Литмир - Электронная Библиотека
A
A

Хуги чувствовал, как прокушенное плечо все жарче обволакивается густой кровью, но то уже была кровь рыси, обильно стекавшая из порванной вены. Желтые кошачьи глаза, уставленные в упор, несколько раз дрогнули, потом вяло опустились веки, словно кошка готовилась засыпать. Хуги сдавил мохнатое тело сильнее. Он чувствовал запас сил и знал, что победа теперь будет одержана. Рысь вторично опустила веки в смертельной усталости. Круглые глаза, полные желтого огня, закрылись. По телу стали пробегать короткие судороги. Тогда Хуги внезапно отпрянул. Рысь приподнялась и, как изломанная, шагнула в сторону, потом еще сделала шаг и ткнулась широким лбом в каменистый выступ. Больше она не поднялась.

Хуги до утра пролежал в пещерке, зализывая раны, а утром, удостоив мертвую рысь мимолетным презрительным взглядом, спустился в долину и долго катался по росистой траве, смывая с себя чужую кровь и чужие запахи.

14

Весна снова застала его на южных склонах Джунгарского Алатау.

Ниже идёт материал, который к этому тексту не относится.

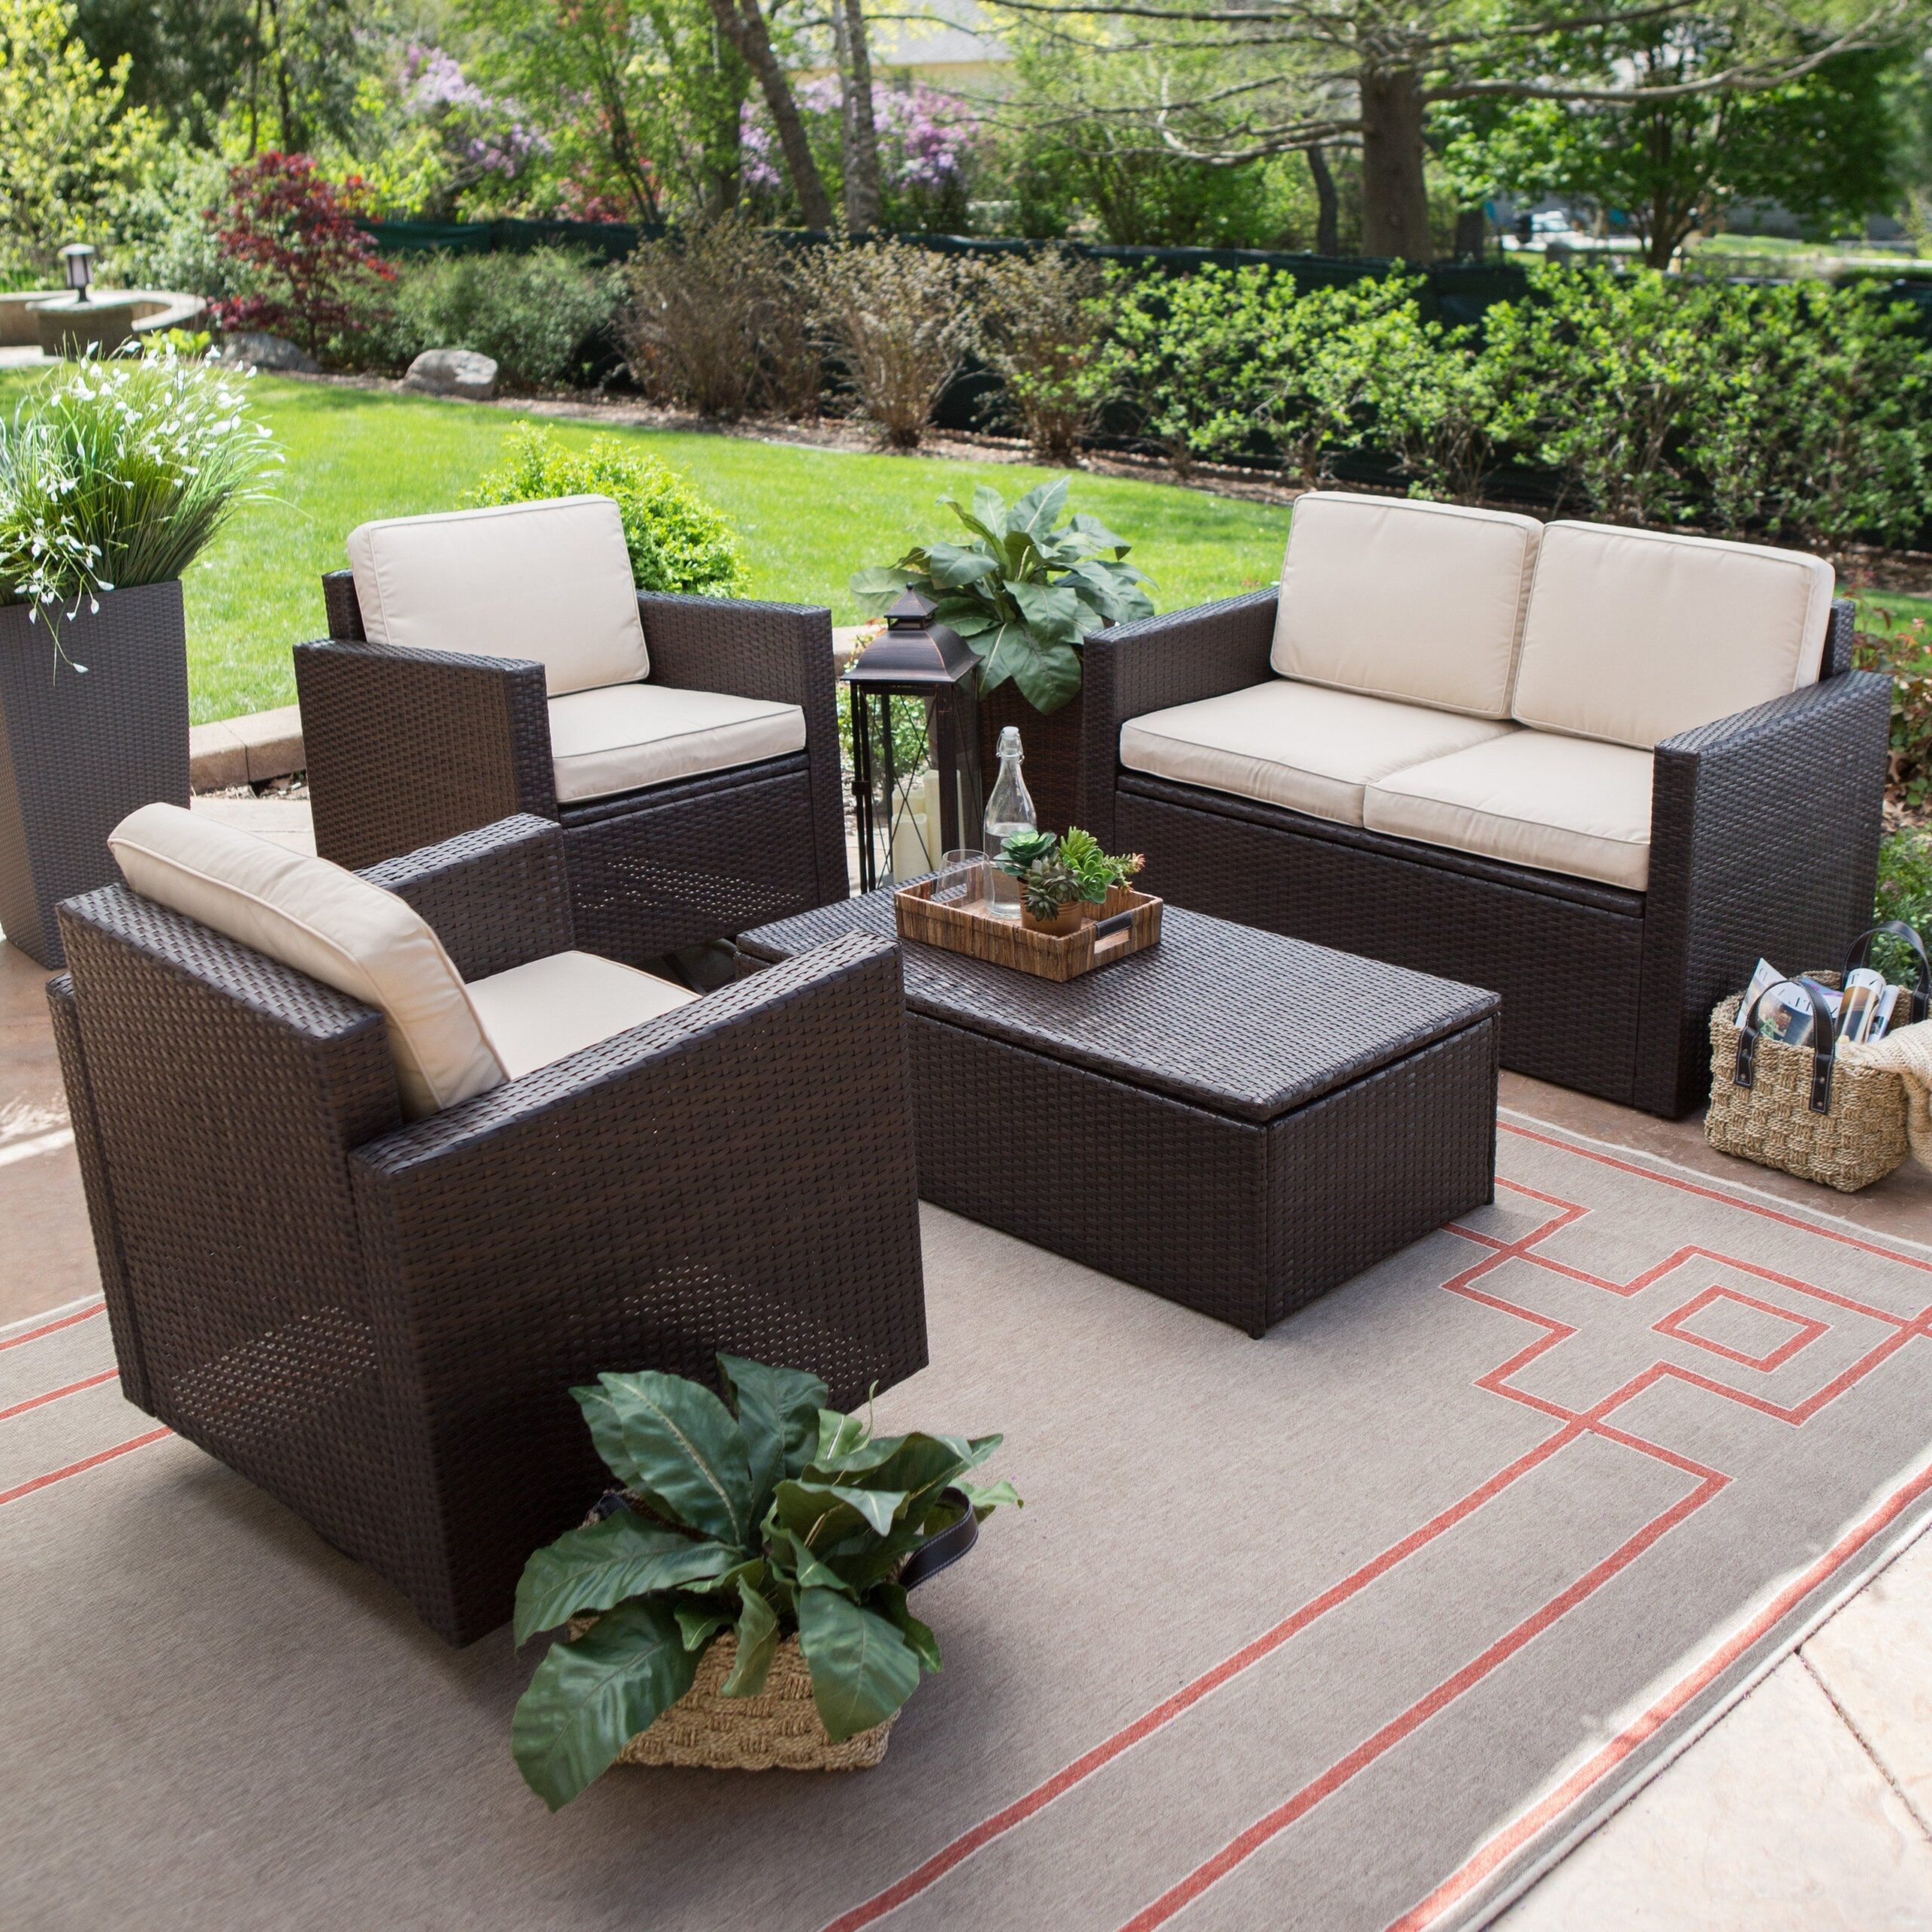 Outdoor Patio Conversation Sets With Swivel Chairs : Swivel Patio Set ...

Потом он, выждав, пошел по ее следам. Эти следы пахли обновленной листвой, молодыми травами, стрекотом проснувшихся кузнечиков и порханием горных бабочек величиной с ладонь. На пригорках, на обнаженных от снега полянах токовали редкие в этих местах косачи. Их любовные песни издали были похожи на дремотное бормотание горного ключа. Хуги вслушивался в них не с трепетом азартного охотника, а просто так, из одного удовольствия, как много раз слушал звонкие крики кедровок или таинственный и тоже по-своему музыкальный перестук дятла.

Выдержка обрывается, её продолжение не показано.